For this tutorial, we assume you are either using the standalone Kiji BentoBox or have installed the individual components described here. If you don't have a working environment yet, you can install the standalone Kiji BentoBox in three quick steps!

If you already installed BentoBox, make sure you have started it:

bento start

Compiling

If you have downloaded the standalone Kiji BentoBox, the code for this tutorial is already compiled and located in the $KIJI_HOME/examples/music/ directory. Commands in this tutorial will depend on this location:

export MUSIC_HOME=${KIJI_HOME}/examples/music

If you are not using the Kiji BentoBox, set MUSIC_HOME to the path of your local kiji-music repository.
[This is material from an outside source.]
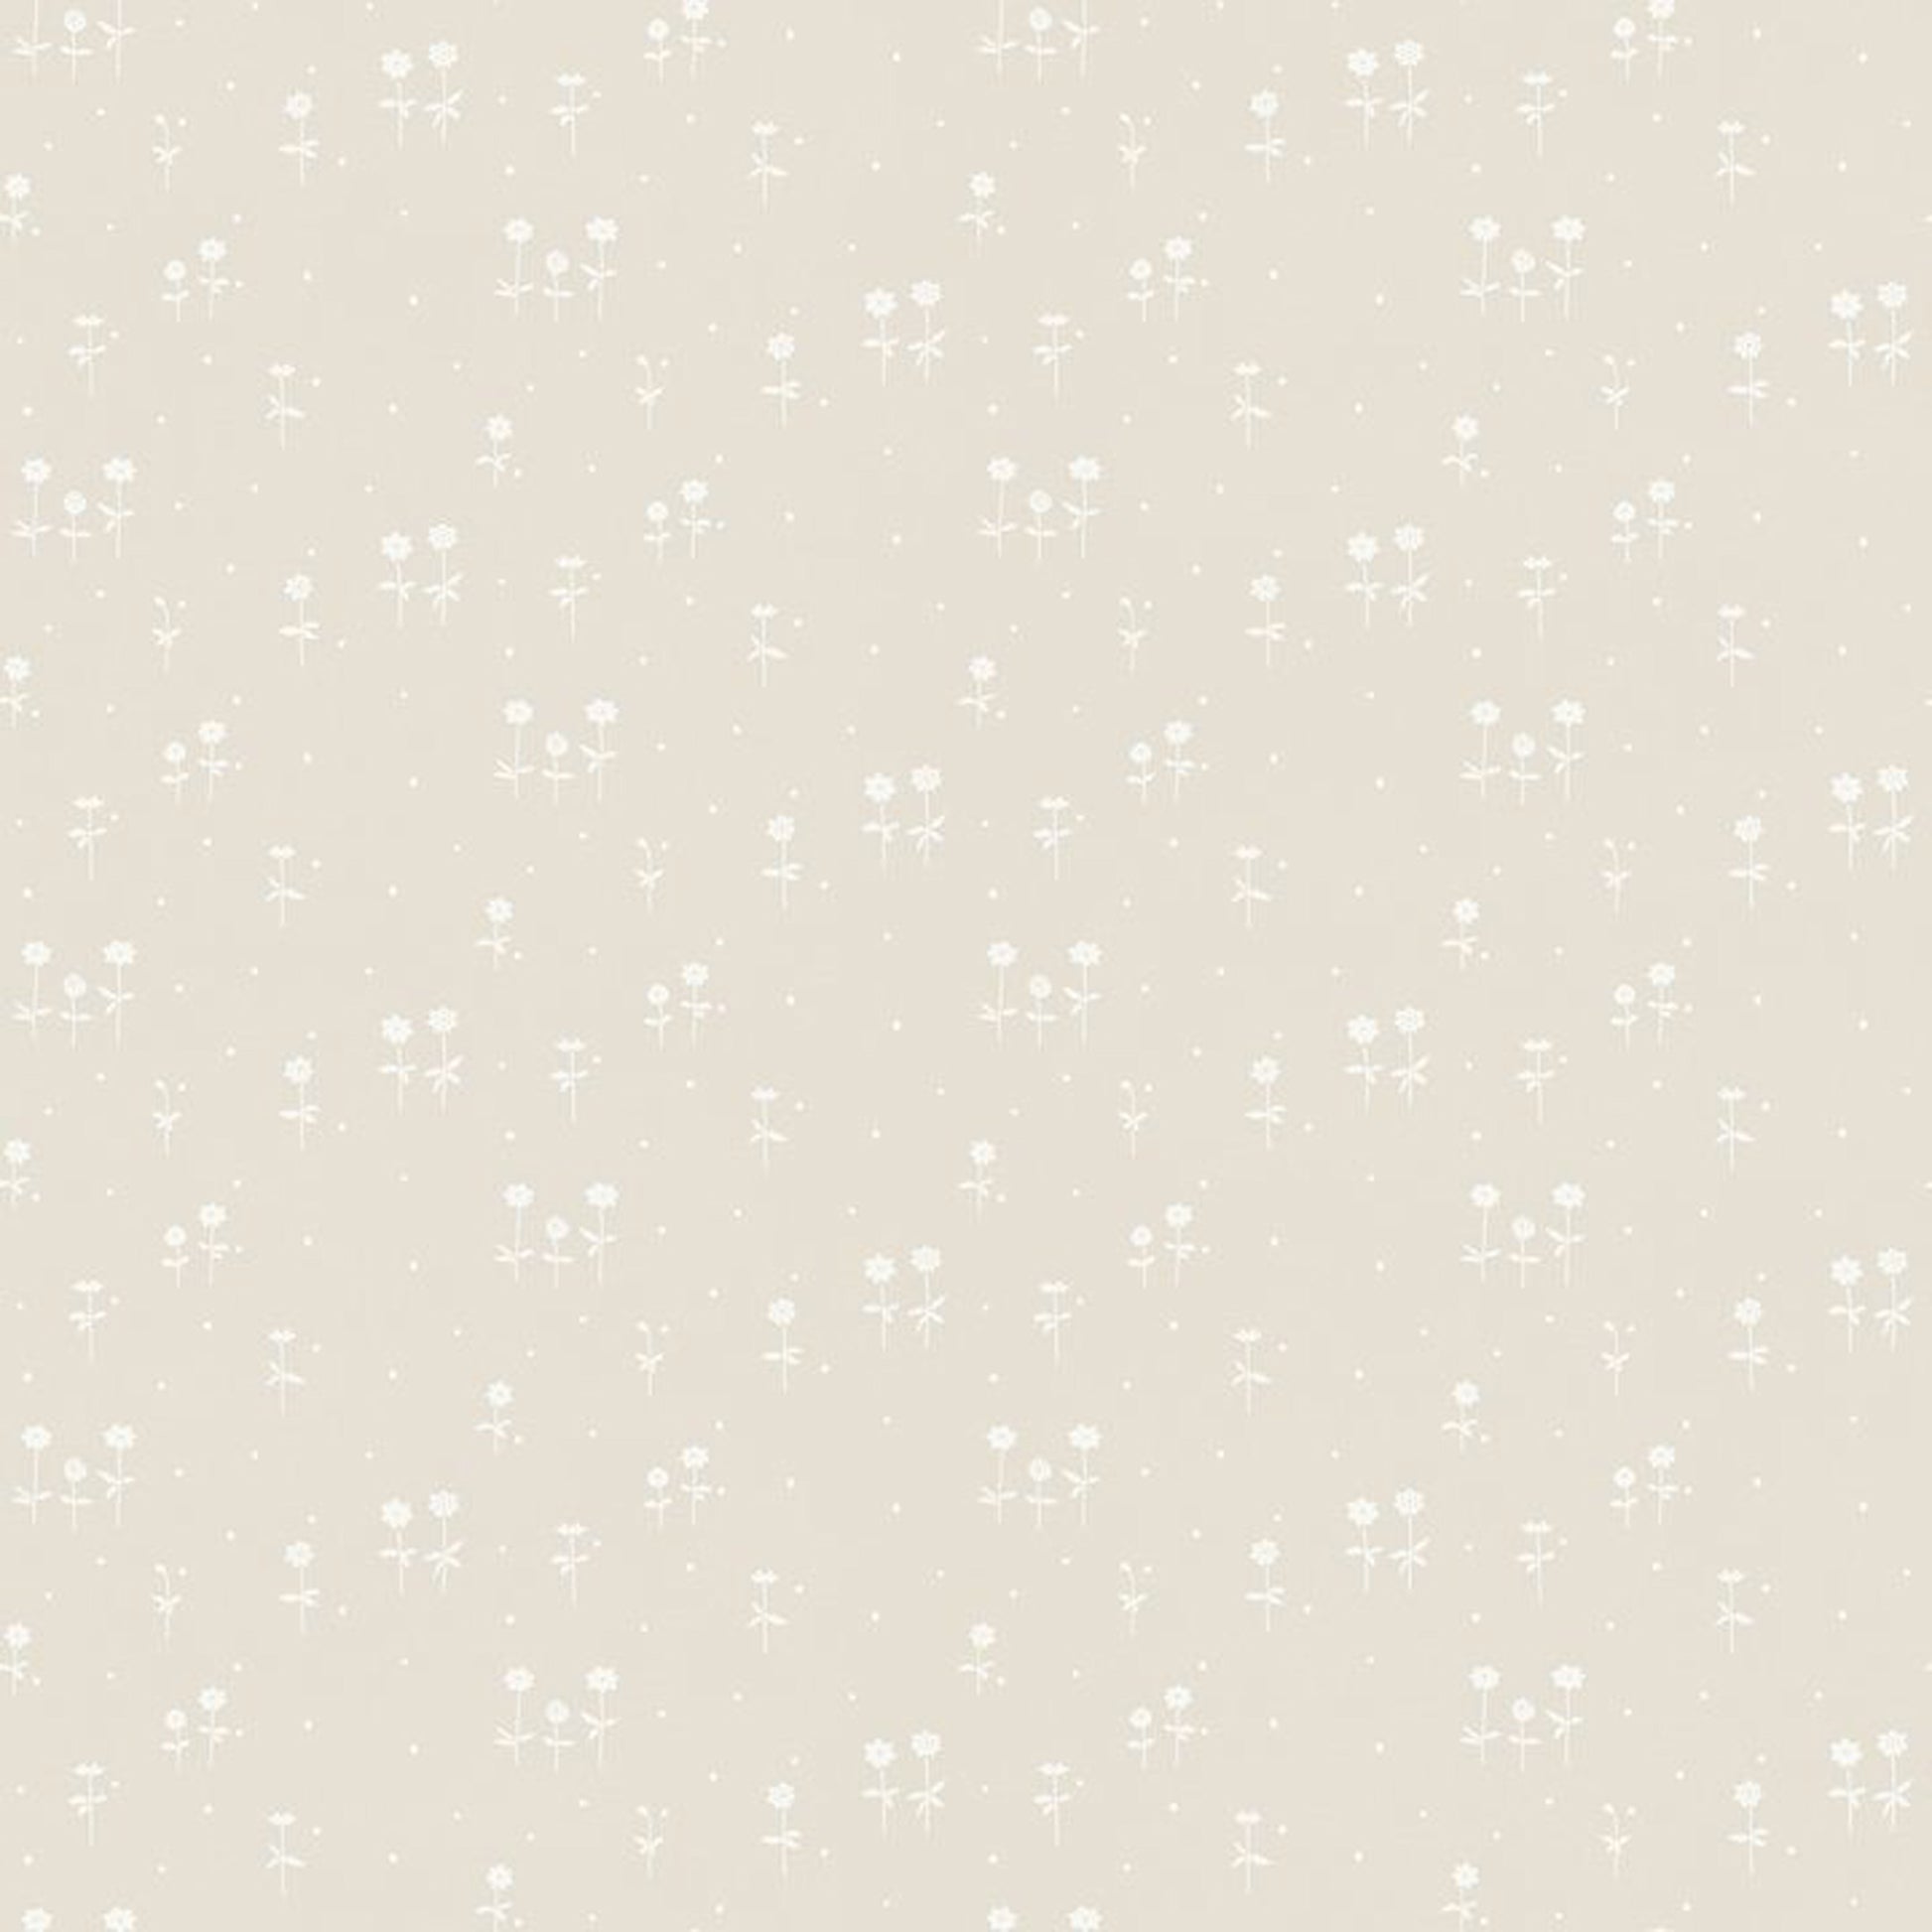 802-19 Bianca cream, Ett Hem by Sandberg Wallpaper

Once you have done this, if you are using Kiji BentoBox you can skip to “Set your environment variables” if you want to get started playing with the example code. Otherwise, follow these steps to compile it from source.

The source code for this tutorial can be found in $MUSIC_HOME. The source is included along with a Maven project. To get started using Maven, consult Getting started With Maven or the Apache Maven Homepage.

The following tools are required to compile this project:

  • Maven 3.x
  • Java 6

To compile, run mvn package from $MUSIC_HOME. The build artifacts (.jar files) will be placed in the $MUSIC_HOME/target/ directory. This tutorial assumes you are using the pre-built jars included with the music recommendation example under $MUSIC_HOME/lib/. If you wish to use jars of example code that you have built, you should adjust the command lines in this tutorial to use the jars in $MUSIC_HOME/target/.

Set your environment variables

After Bento starts, it will display ports you will need to complete this tutorial. It will be useful to know the address of the MapReduce JobTracker webapp (http://localhost:50030 by default) while working through this tutorial.

It will be useful to define an environment variable named KIJI that holds a Kiji URI to the Kiji instance we’ll use during this tutorial.

export KIJI=kiji://.env/kiji_music

To work through this tutorial, various Kiji tools will require that Avro data type definitions particular to the working music recommendation example be on the classpath. You can add your artifacts to the Kiji classpath by running:

export LIBS_DIR=$MUSIC_HOME/lib
export KIJI_CLASSPATH="${LIBS_DIR}/*"

Install Kiji and Create Tables

Install your Kiji instance:

kiji install --kiji=${KIJI}

Create the Kiji music tables that have layouts described in music_schema.ddl.

music_schema.ddl

kiji-schema-shell --kiji=${KIJI} --file=$MUSIC_HOME/music_schema.ddl

This command uses kiji-schema-shell to create the tables using the KijiSchema DDL, which makes specifying table layouts easy. See the KijiSchema DDL Shell reference for more information on the KijiSchema DDL.

(Optional) Generate Data

The music recommendation example comes with pregenerated song data in $MUSIC_HOME/example_data. These .json files contain randomly-generated song information and randomly-generated usage information for this tutorial.

If you wish to generate new data, wipe the data directory, then use the python script provided.

rm $MUSIC_HOME/example_data/*
$MUSIC_HOME/bin/data_generator.py --output-dir=$MUSIC_HOME/example_data/

This should generate 3 JSON files: example_data/song-dist.json, example_data/song-metadata.json and example_data/song-plays.json.

Upload Data to HDFS

Upload the data set to HDFS (this step is required, even if you did not generate new data):

hadoop fs -mkdir kiji-mr-tutorial
hadoop fs -copyFromLocal $MUSIC_HOME/example_data/*.json kiji-mr-tutorial/